По этому поводу среди германских романтиков, особенно приверженцев Гегеля, возник раскол; германцы двинулись в обоих направлениях, а за ними исправно потянулись русские — ибо Россия, по сути, всецело зависела от немецкой академической мысли. Однако на Западе подобные идеи преобладали уже долгие годы — умопостроения и теории философские, социальные, богословские, политические начали сталкиваться и вступать в непримиримые противоречия по меньшей мере начиная с эпохи Возрождения; их борьба становилась очень разнообразной и запутанной — складываясь в общий процесс богатой умственной деятельности, причем ни единая идея, ни единое суждение не могли невозбранно властвовать умами хоть сколько-нибудь продолжительное время. В России же было иначе.
Одно из огромных различий меж землями, где преобладали Православная и Католическая Церкви, заключалось в том, что первая не знала ни эпохи Возрождения, ни Реформации. Балканские народы оправдывали свою отсталость нашествием и владычеством турецких завоевателей. Но России жилось лишь немногим лучше. В России не существовало постепенно ширящегося, грамотного, образованного класса, который понемногу связывал бы воедино — и общественно и умственно — наиболее и наименее просвещенные народные слои. Пропасть, отделявшая безграмотных и невежественных мужиков от людей, умевших читать и писать, оставалась в России шире, чем в остальных европейских державах — ибо тогдашнюю Россию по праву считали европейской страной.
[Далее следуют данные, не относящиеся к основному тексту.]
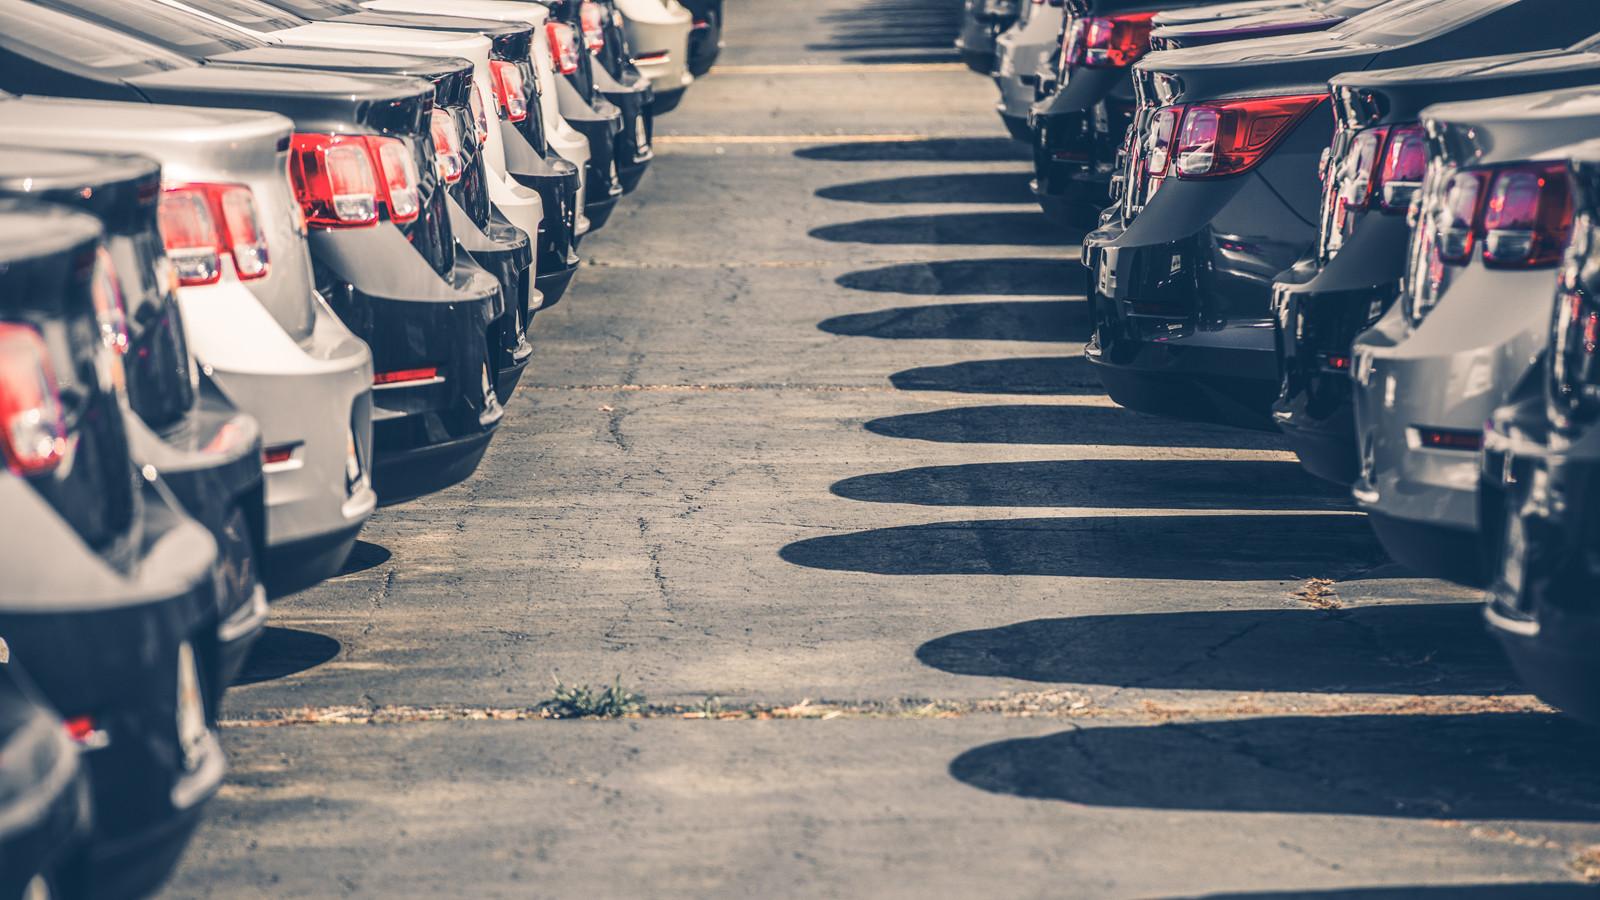 Средневзвешенная цена нового легкового автомобиля в РФ составила 1,33 млн руб.

Очутись вы в московских и петербургских аристократических салонах, обнаружили бы: число и разнообразие обсуждающихся идей — политических и общественных — отнюдь не столь изобильно, сколь в Берлине или Париже, где интеллектуальная закваска бурлила и бродила. Бесспорно, тогдашний Париж числился великой культурной Меккой. Но даже Берлин мало чем уступал Парижу по части умственных, богословских и художественных прений — вопреки нещадной прусской цензуре.
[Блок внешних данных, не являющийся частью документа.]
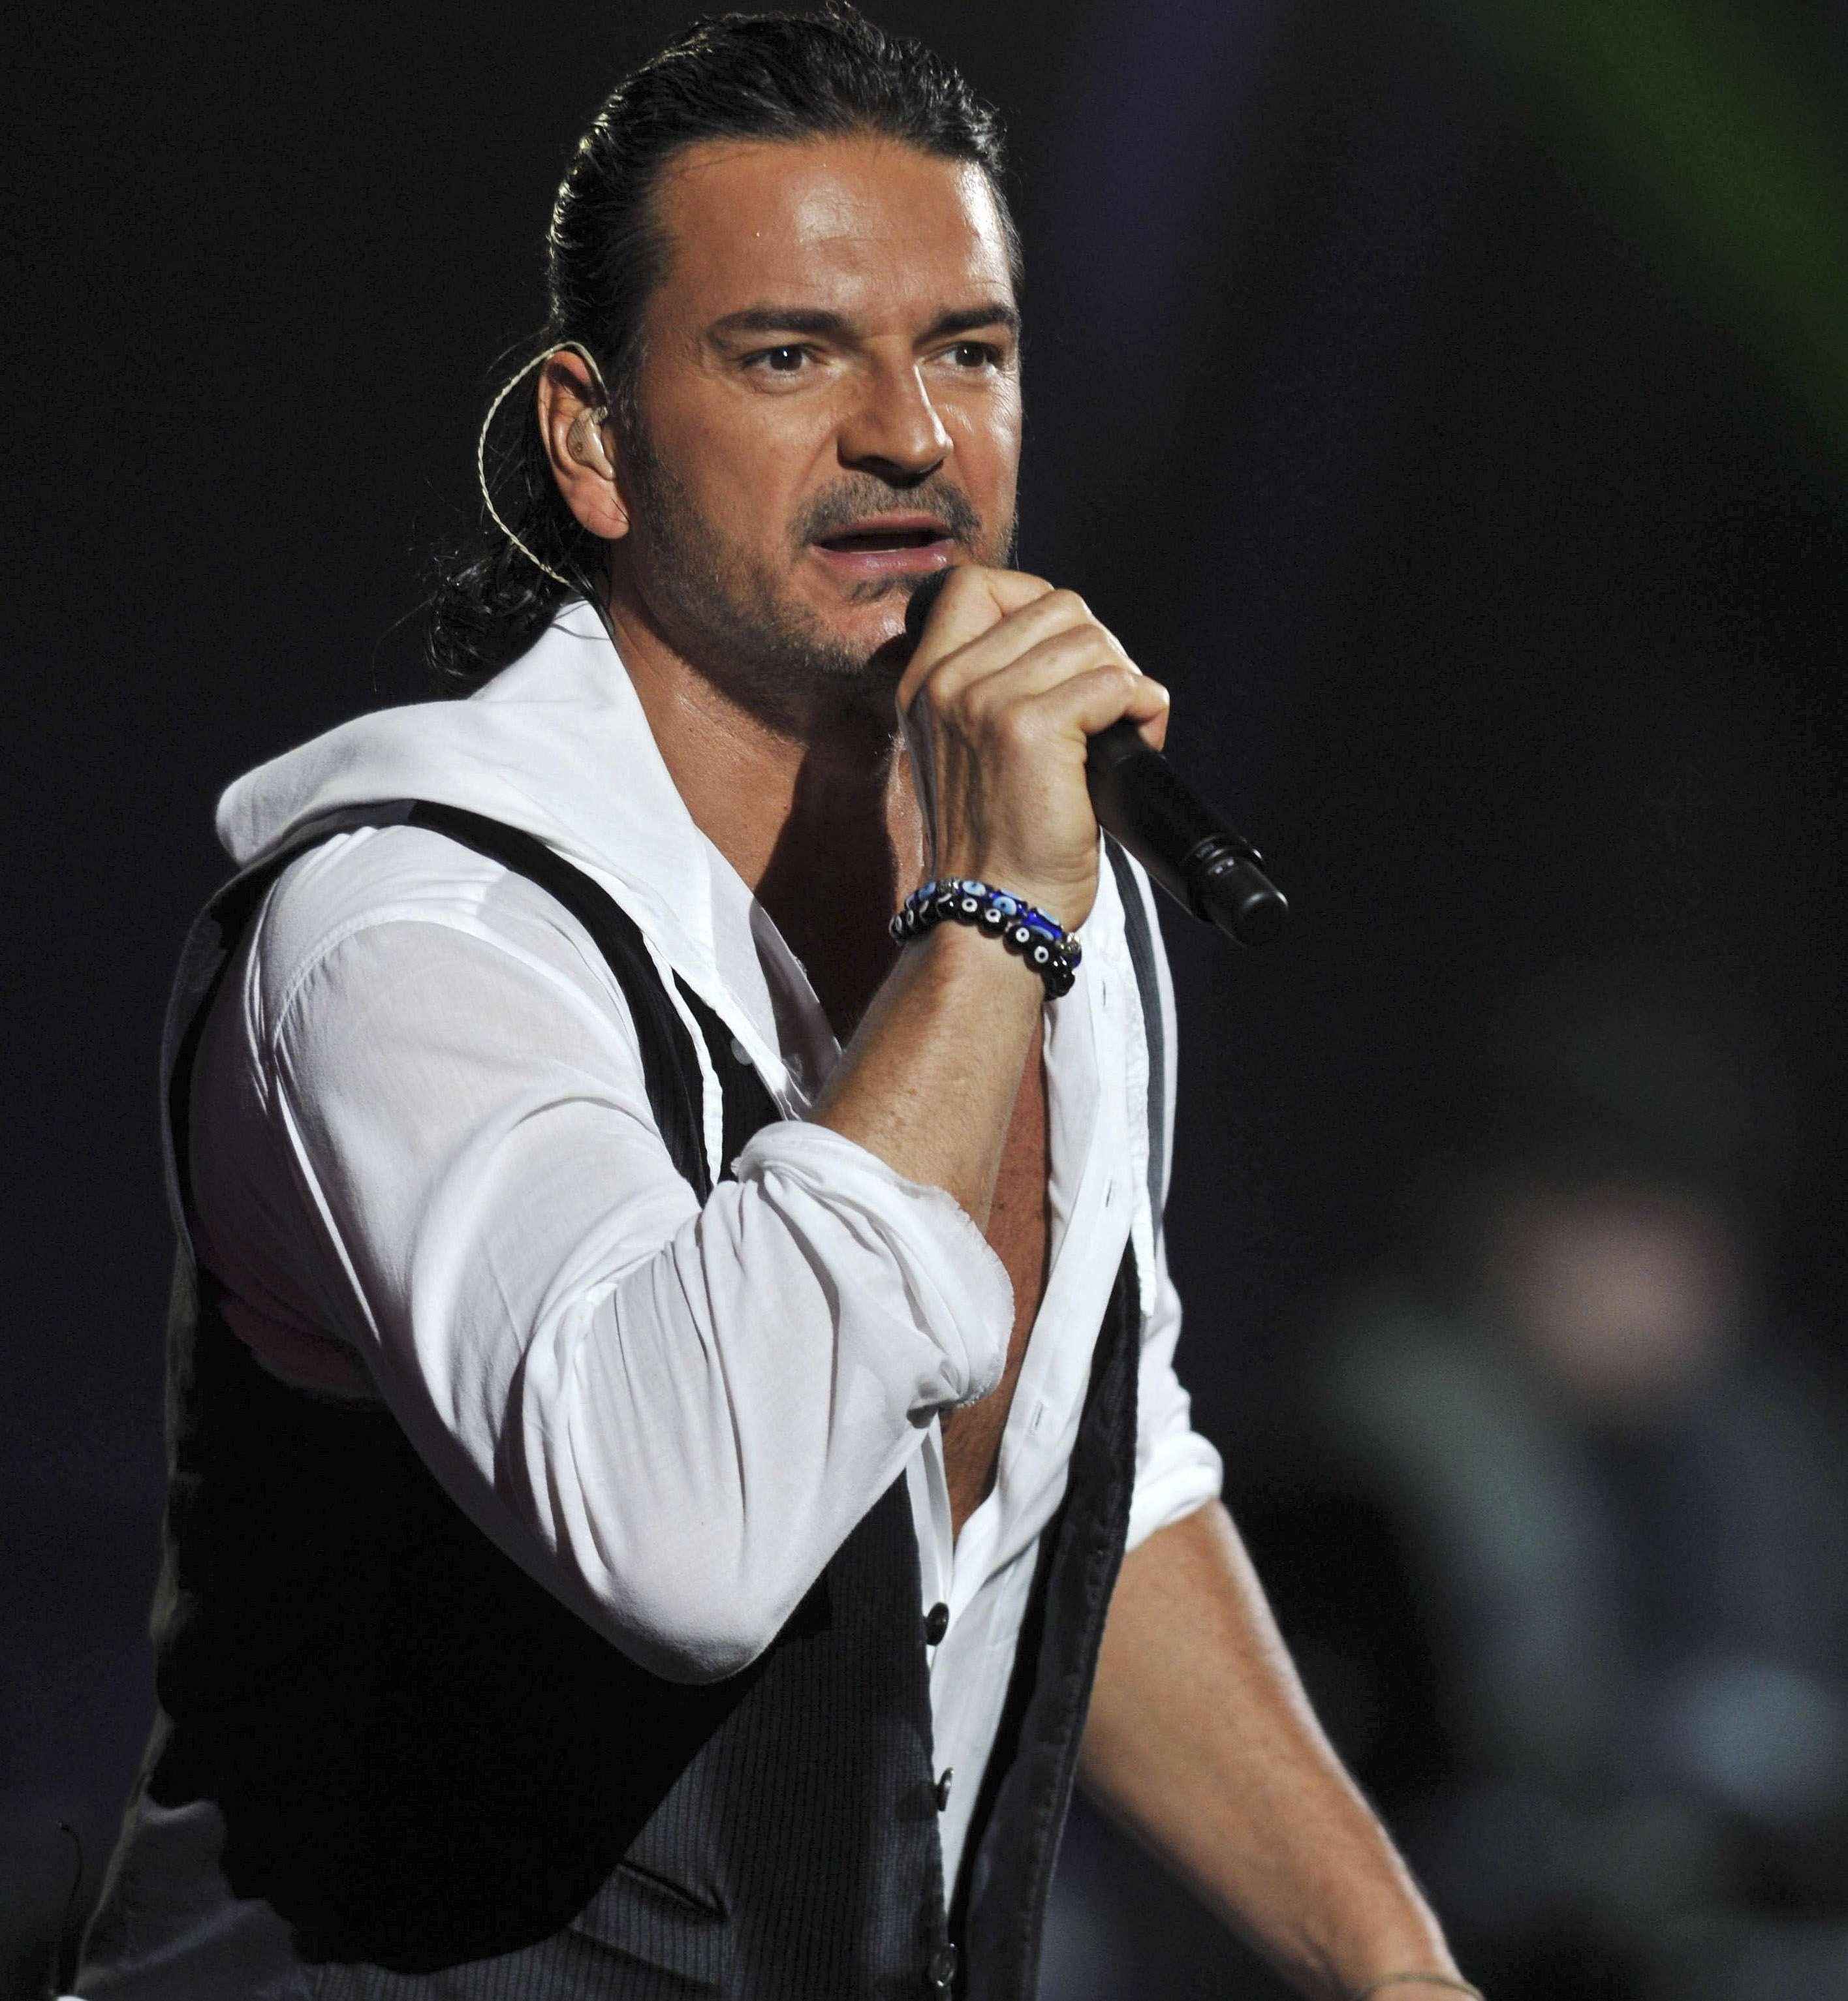 Ricardo Arjona será reconocido por su trayectoria en la industria musical. Foto: AP en español

Вообразите себе положение российских дел, всецело определяемое тремя обстоятельствами: во-первых, наличием лишенного воображения, косного, мертвого правительства, занятого преимущественно угнетением подданных, противящегося переменам — в основном оттого, что за ними вполне могли последовать перемены дальнейшие; правда, более разумные и чуткие члены правительства смутно сознавали: реформа — причем коренная — относящаяся, допустим, к упразднению крепостного права или к улучшению правосудия и образования — и желательна, и неминуема. Вторым обстоятельством было положение огромной массы российского населения — притесняемых, бедных мужиков — угрюмо и нечленораздельно роптавших, но слишком явно слабых и разобщенных, чтобы внушительно постоять за себя. И, наконец, меж двумя упомянутыми классами существовала небольшая, хорошо образованная прослойка, на которую глубоко влияли западные идеи, заставлявшие негодовать при виде окружающего; эти люди испытывали своего рода Танталовы муки, глядя на Европу и на великие новые движения — общественные и умственные, — развивавшиеся в европейских культурных средоточиях.
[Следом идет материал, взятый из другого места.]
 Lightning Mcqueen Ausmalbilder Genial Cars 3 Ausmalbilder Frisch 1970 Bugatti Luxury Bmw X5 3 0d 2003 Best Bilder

Разрешите повторить и напомнить, что над русской, равно как и над германской, почвой буквально витало в воздухе романтическое убеждение: каждому человеку поручается свыше нечто определенное, лишь ему назначенное, и подлежащее выполнению, — а человеку нужно только понять, какова именно его миссия. Этим порождалось всеобщее преклонение перед общественными и метафизическими идеями — возможно, в них видели этическую замену постепенно угасавшей вере: тут возможно обнаружить известное сходство с восторгом, который столетием ранее стали порождать во Франции и Германии возникавшие там и сям философские доктрины и политические утопии; люди искали новой теодицеи, незапятнанной связями с какими-либо опорочившими себя политическими или религиозными учреждениями.